# Calculating ACB for RSUs and ESPP



## hope4wealth (Sep 15, 2013)

My employer, which trades on the NASDAQ in USD, allows us to purchase stock at a discount as well as provides RSUs throughout the year.

Can anyone help with how I would calculate my ACB as it's the same ticker and I've sold all of my RSUs and ESPP throughout the year?

-for our RSUs they sell half of the lot and hold that for tax purposes
-for ESPP we buy at a discounted rate and then I sell afterwards
-they did state they held taxes from pay for ESPP as well, not sure how much or how they calculated this (will this just be on my T4 in the taxes paid section)

With USD I'm finding it a bit more difficult to figure out how this all plays out.

Thanks in advance


----------



## hope4wealth (Sep 15, 2013)

OK I've been able to figure this out using various tools. Now quick question for everyone:

If I have multiple transactions of one security, do I only need to fill in one line on Schedule 3 - Capital Gains?
What should be entered in the "number" field on Schedule 3 - Capital Gains?

Thanks again!


----------



## Eclectic12 (Oct 20, 2010)

Various posters have said they sum up individual transactions to end up with one line. Others want to be able to follow what happened if they revisit it a couple of years down the line and record the individual transactions.

As long as the total works out the same, I believe the choice is yours.


As for "number" ... it is the number of shares, mutual fund units, reit units, ... etc.



Cheers


----------



## hope4wealth (Sep 15, 2013)

Eclectic12 said:


> Various posters have said they sum up individual transactions to end up with one line.
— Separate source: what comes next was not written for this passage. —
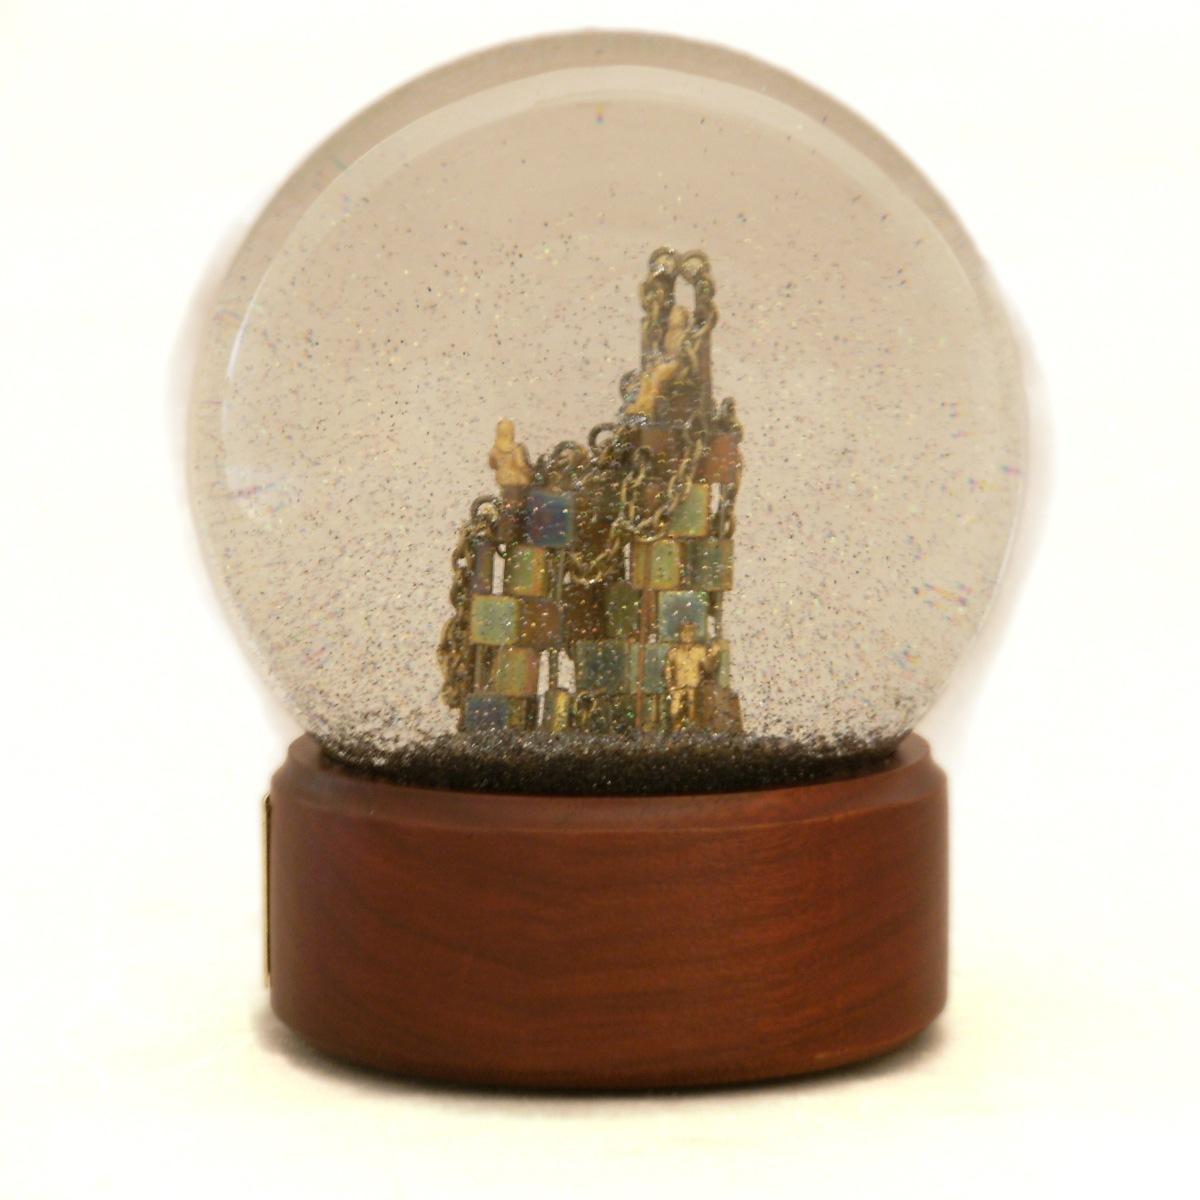 Waiting for Instructions custom snow globe, Camryn Forrest Designs 2013
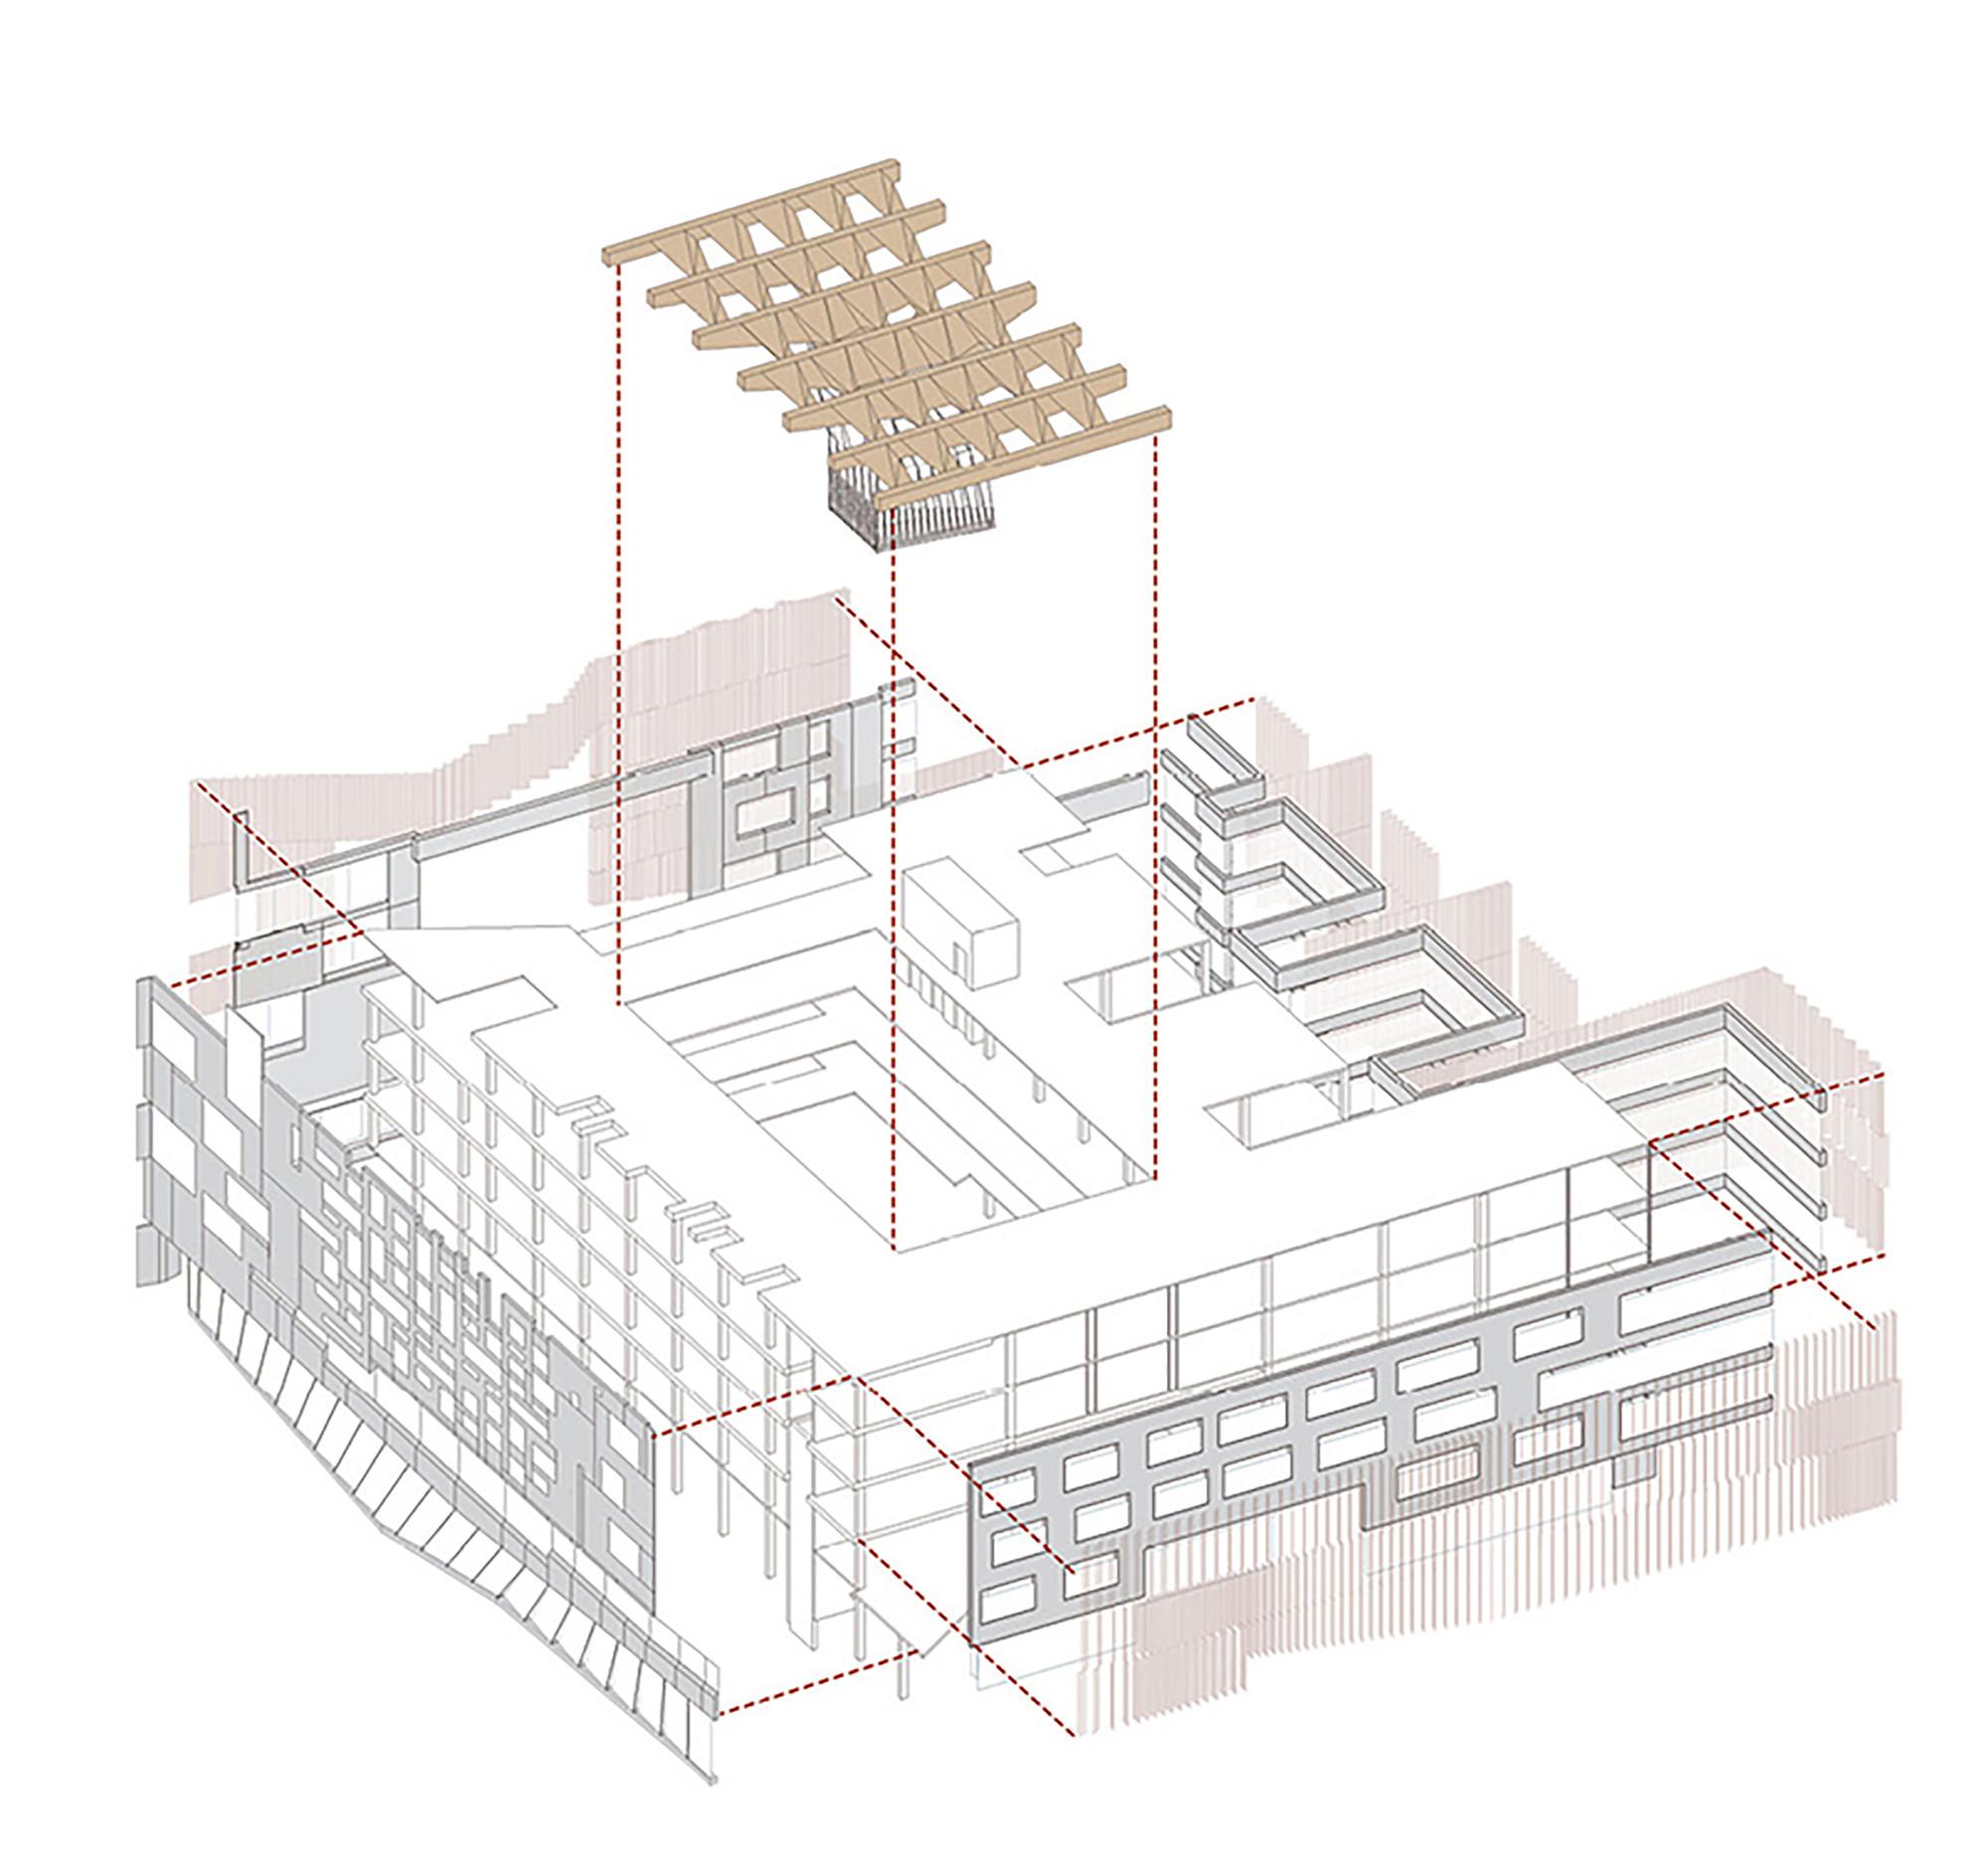 Melbourne University School Of Design Building

Others want to be able to follow what happened if they revisit it a couple of years down the line and record the individual transactions.
> 
> As long as the total works out the same, I believe the choice is yours.
> 
> ...


Thank you very much for the response. I'm keeping the details of the transactions in a spreadsheet so not worried but having to go back.

Appreciate your help! Took me a while to get through this but I'm educating myself more on the tax side which will be important for my financial plan for the years to come!


----------